- Opinion
- 22 Aug 13
Having scooped a coveted Fringe First award at Edinburgh, Donal O’Kelly’s play Fionnuala is set to bring fresh publicity to the controversial Corrib gasline project...
Irish actor and writer Donal O’Kelly has scored a notable success with his one-man show, Fionnuala – a play based around the Corrib gasline controversy – winning a prestigious Fringe First award at Edinburgh. The Fringe First awards were established by The Scotsman newspaper in 1973 and are highly coveted.
Speaking to Hot Press shortly after receiving the gong, O’Kelly described the recognition as ‘very validating’. “It makes it much easier to get people to come and see the show,” he said, “and it opens up new publicity angles about the issue itself. That’s why I brought the play here, to try and bring international attention to the Shell Corrib gas project.” The play was strongly supported by Hot Press during its opening Irish run.
O’Kelly first visited the Shell project in 2007 to get a better understanding of the issue, and eventually wrote Fionnuala. Based around an incident last year in which a Shell tunnel boring machine, called Fionnuala, sank into a Mayo bog, the play tells the story of a Shell PR executive, called Ambrose Keogh, who is summoned to a midnight court in a fairy fort by Fionnuala of the Children of Lir.

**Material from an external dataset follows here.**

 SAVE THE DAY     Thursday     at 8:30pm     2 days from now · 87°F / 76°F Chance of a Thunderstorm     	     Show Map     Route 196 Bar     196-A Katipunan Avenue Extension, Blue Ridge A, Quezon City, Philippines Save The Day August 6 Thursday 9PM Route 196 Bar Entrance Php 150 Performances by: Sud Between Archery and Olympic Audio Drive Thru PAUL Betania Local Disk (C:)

Fionnuala puts on a spell on Keogh, who has to tell the truth about Shell’s activities, or else he’ll be turned into a frog (for which ‘Keogh’ is the Irish language word).
“It was an extremely brass neck act for Shell to name a machine for their project after a mythical figure from local folklore,” says O’Kelly. “During the play, in the course of telling the truth, Ambrose Keogh tells about an attack that took place on Willie Corduff in the Shell site in Glengad, County Mayo. So, if you like, the reason I’m doing this play is to ask the question, who assaulted Willie Corduff in April 2009?”

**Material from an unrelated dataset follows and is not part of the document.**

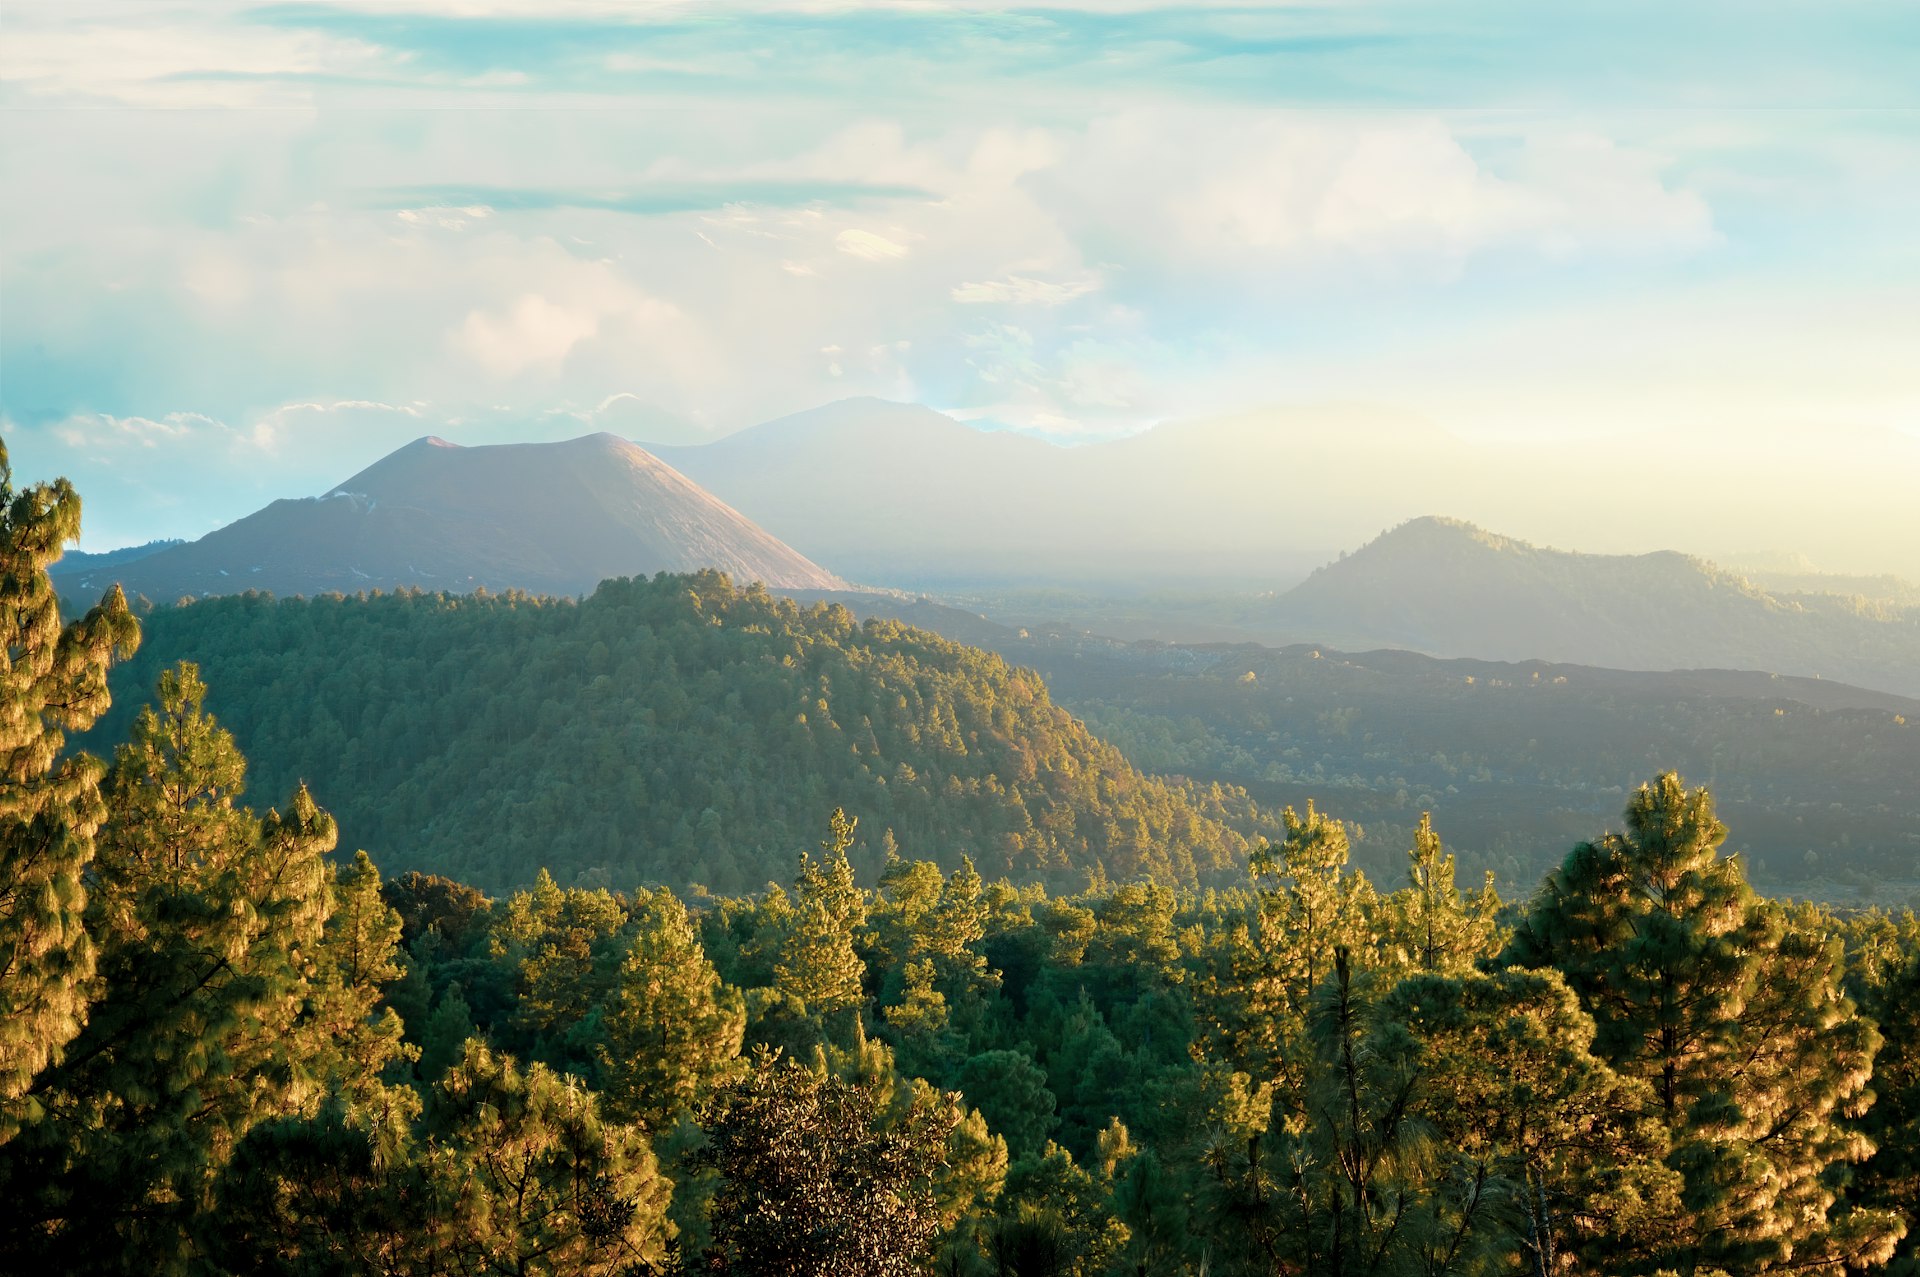 A scenic shot of Mexico's landscape with Volcán Paricutin in the distance

O’Kelly has a second show at the Fringe, Skeffy (about murdered Irish pacifist Francis Sheehy Skeffington), and he performs the plays on alternate nights at the Hill Street Solo Theatre.
“I’ll be doing Fionnuala at the Imagine Festival in Waterford at the end of October,” says O’Kelly. “I actually did it a few weeks ago for the Shell security cameras outside the site in Rossport – I asked for them to be turned on so that Shell and their security firm know the content. They haven’t given a response that I know of yet. So I’ll keep doing it.”
As for the current state of play with the Corrib pipeline, O’Kelly says that, “There’s about seven miles to go to the refinery that’s already been built in Bellinaboy, on very dodgy planning permission grounds. The local community are still very worried about the health and safety issues that haven’t been addressed. It was only at the An Bord Pleanala hearing a couple of years ago, that Shell finally admitted that what they’re doing up there is experimental.
“Bringing raw gas in at high pressure and then running a pipe a through a populated area, to a refinery at land, hasn’t been done anywhere. That was what gave Shell to Sea its name – the local population were asking for the refinery to be placed at sea, and processed well away from people, so that if there was an accident, there’d be no danger to human life. But it’s more expensive to do that – so people’s health and safety are endangered for profits for a global corporation.”